**DIRECTIONS FOR THIS TASK**: Exact copy, no pictures: output each line below as it stands.

**PROVIDED DATA**:

——

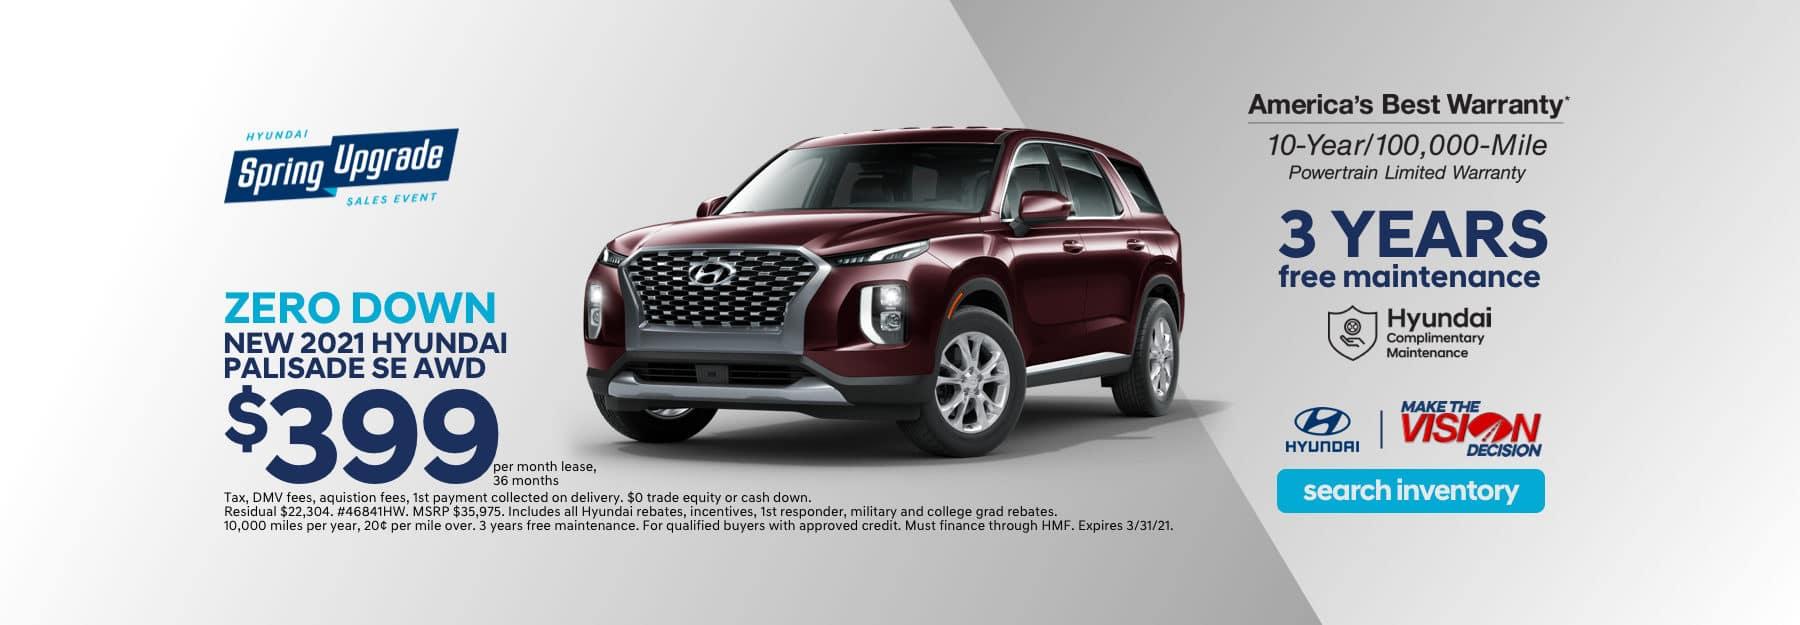 Vision-Hyundai-Sliders-0304-Palisade
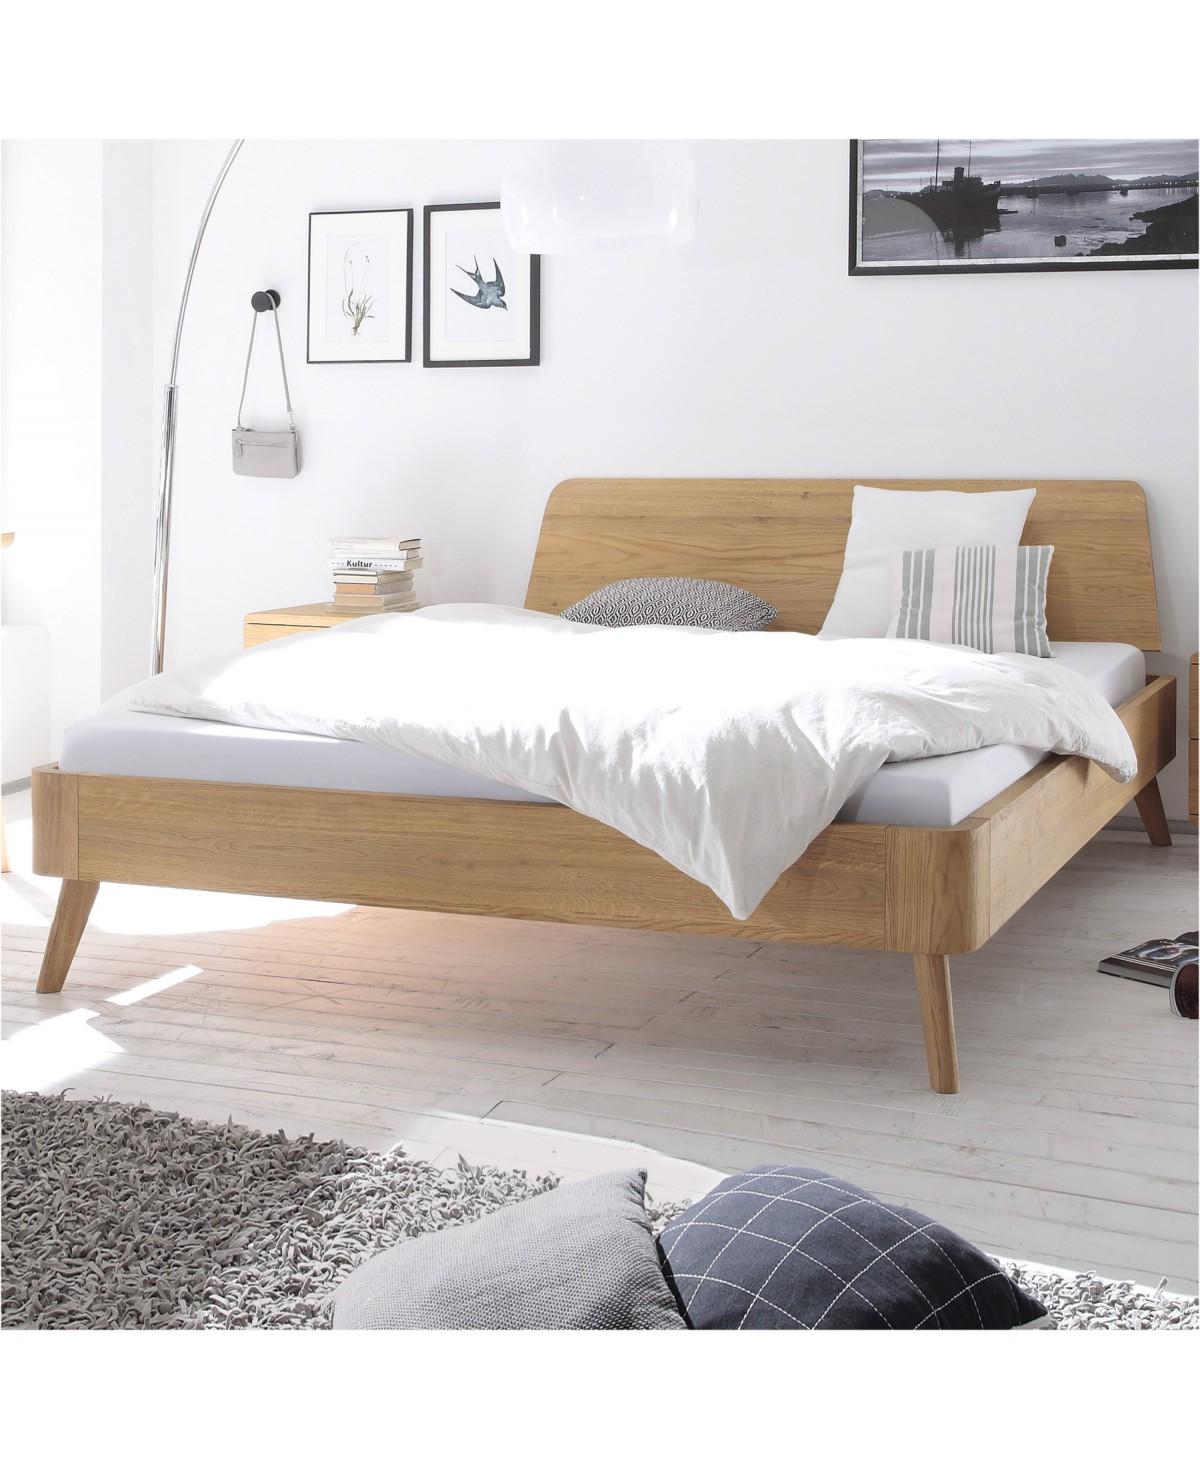 Full Size of Bett Weiß 120x200 Mit Matratze Und Lattenrost Betten Bettkasten Wohnzimmer Stauraumbett 120x200
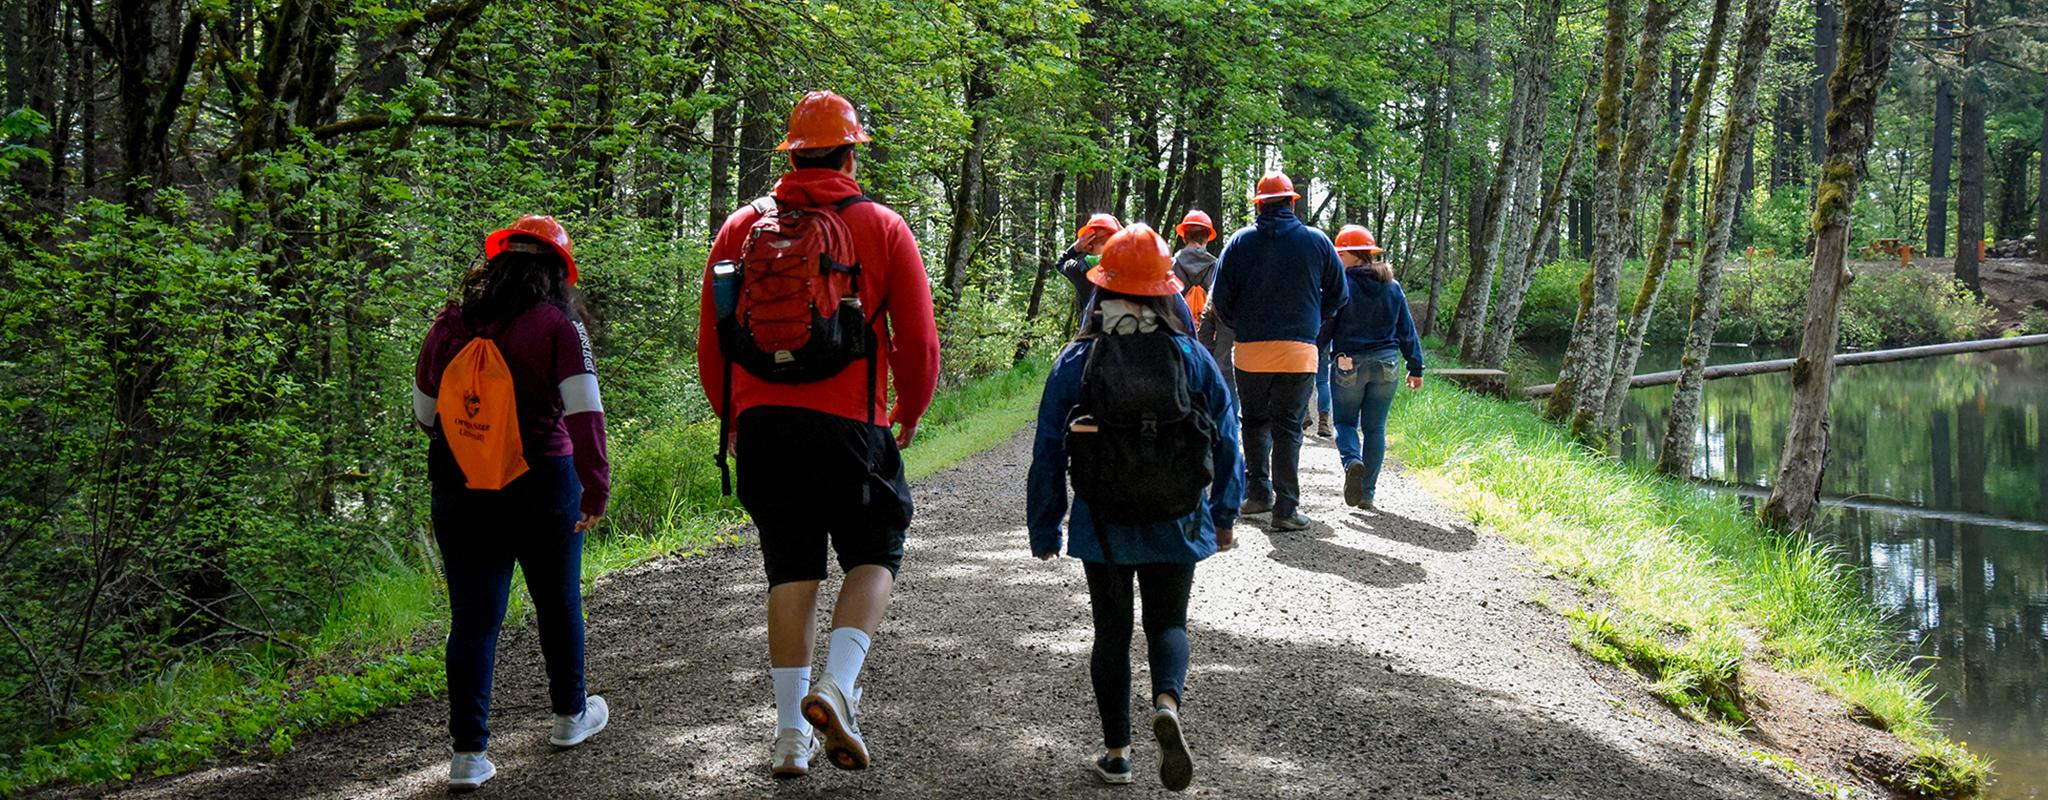 8 programas de mestrado para engenheiros florestais na Europa
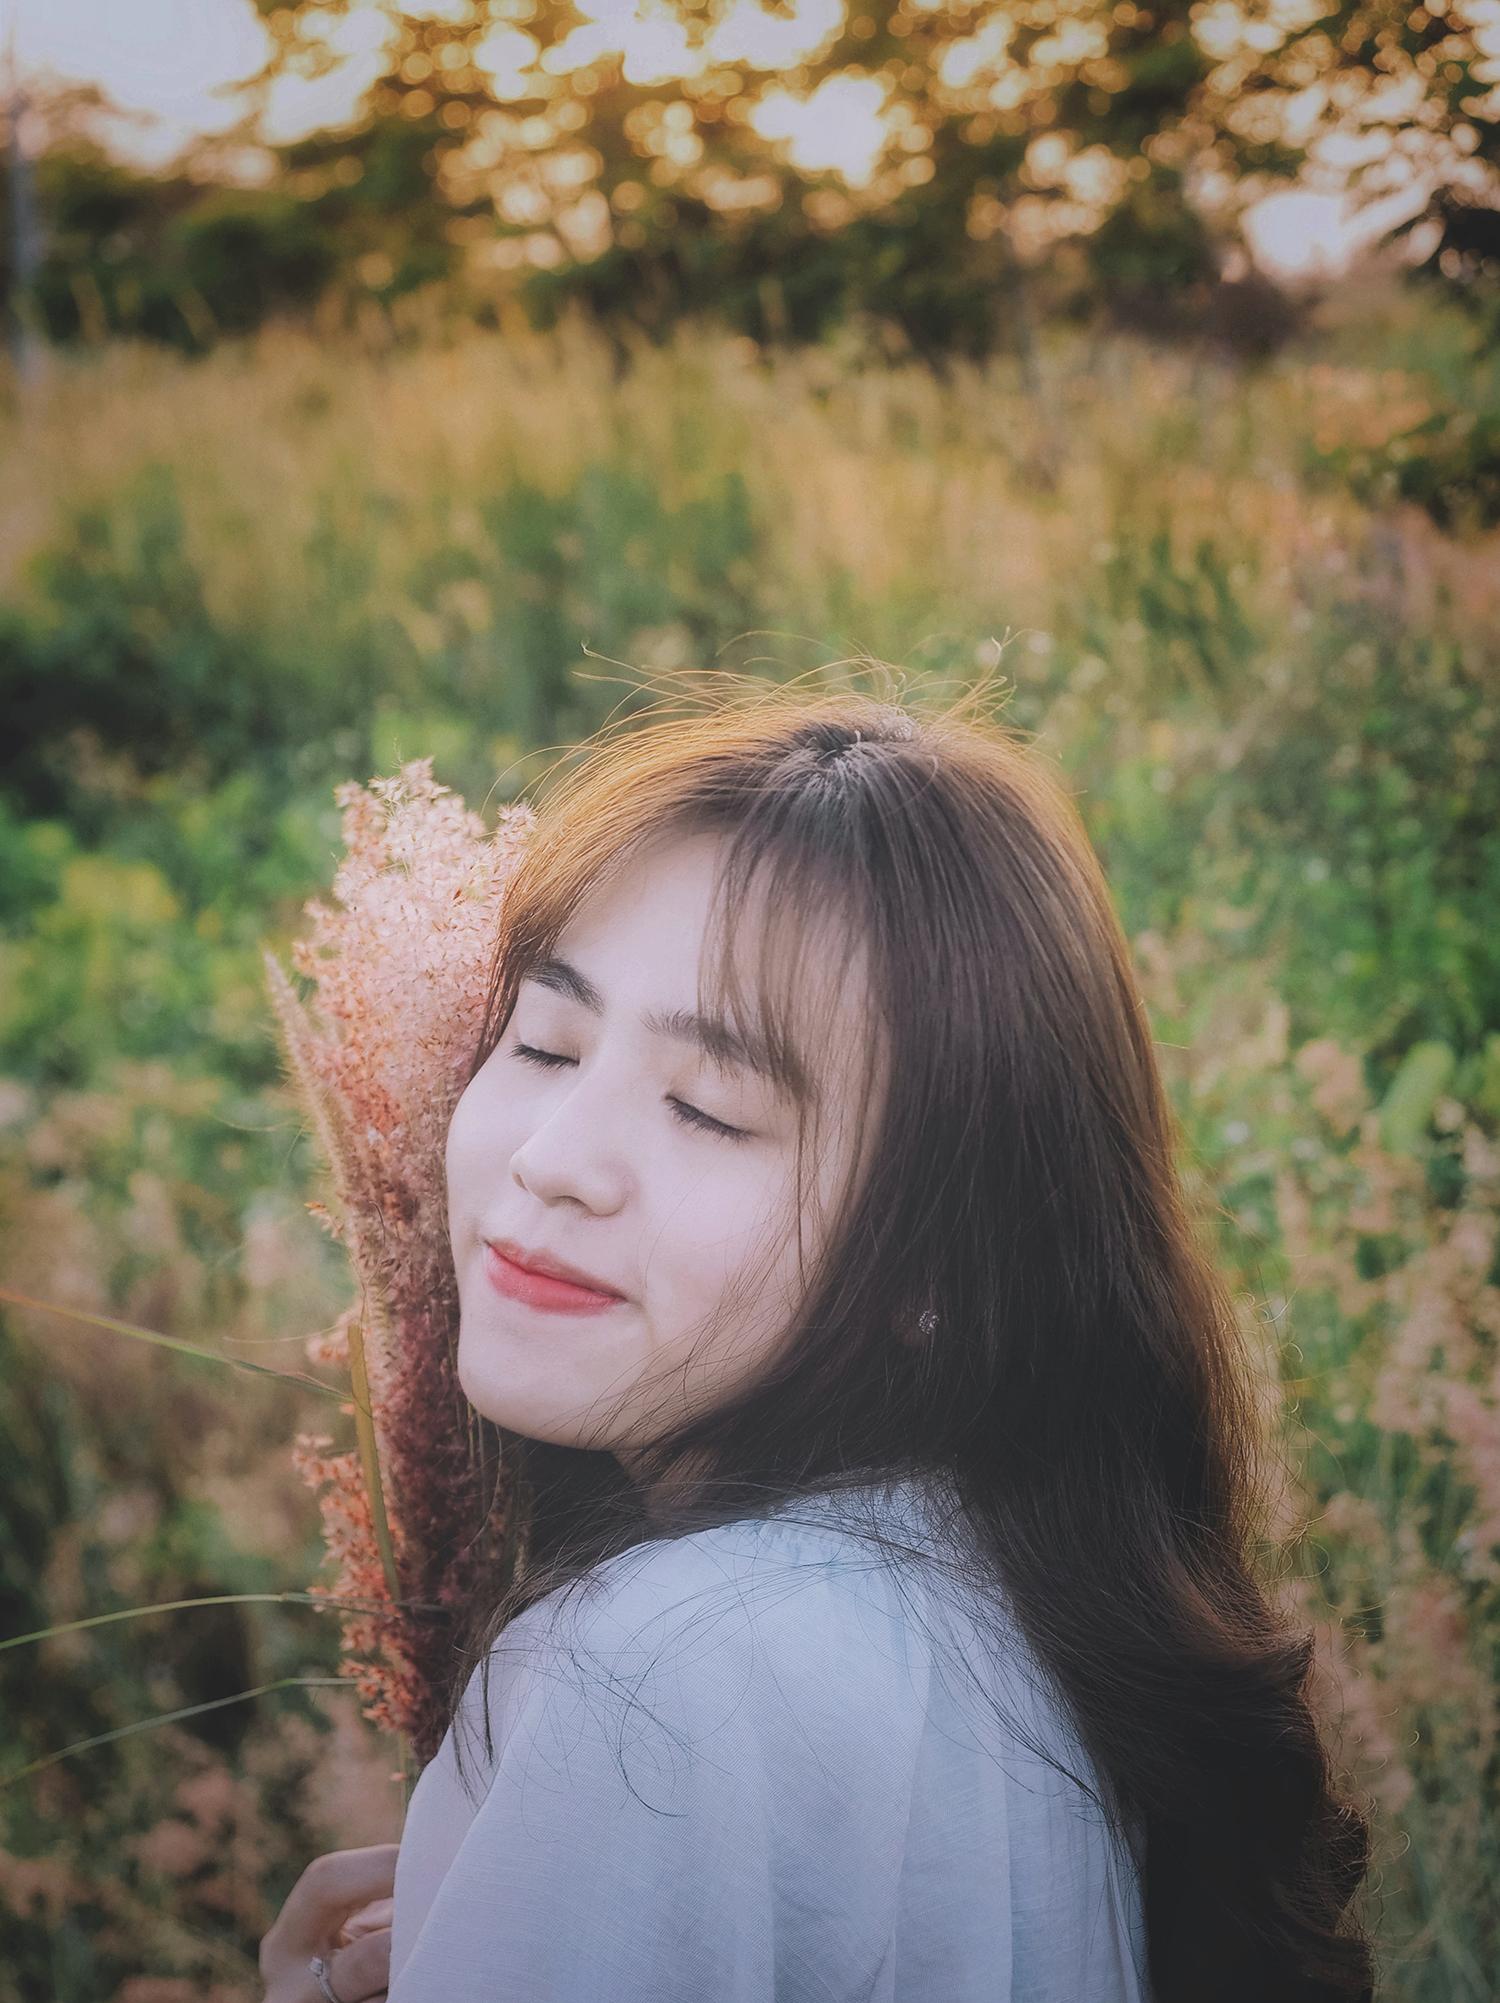 Tuyển mẫu ảnh chân dung ngoại cảnh tại Đà Nẵng, Quảng Nam

——

**YOUR SOLUTION**:
 Vision-Hyundai-Sliders-0304-Palisade
 Full Size of Bett Weiß 120x200 Mit Matratze Und Lattenrost Betten Bettkasten Wohnzimmer Stauraumbett 120x200
 8 programas de mestrado para engenheiros florestais na Europa
 Tuyển mẫu ảnh chân dung ngoại cảnh tại Đà Nẵng, Quảng Nam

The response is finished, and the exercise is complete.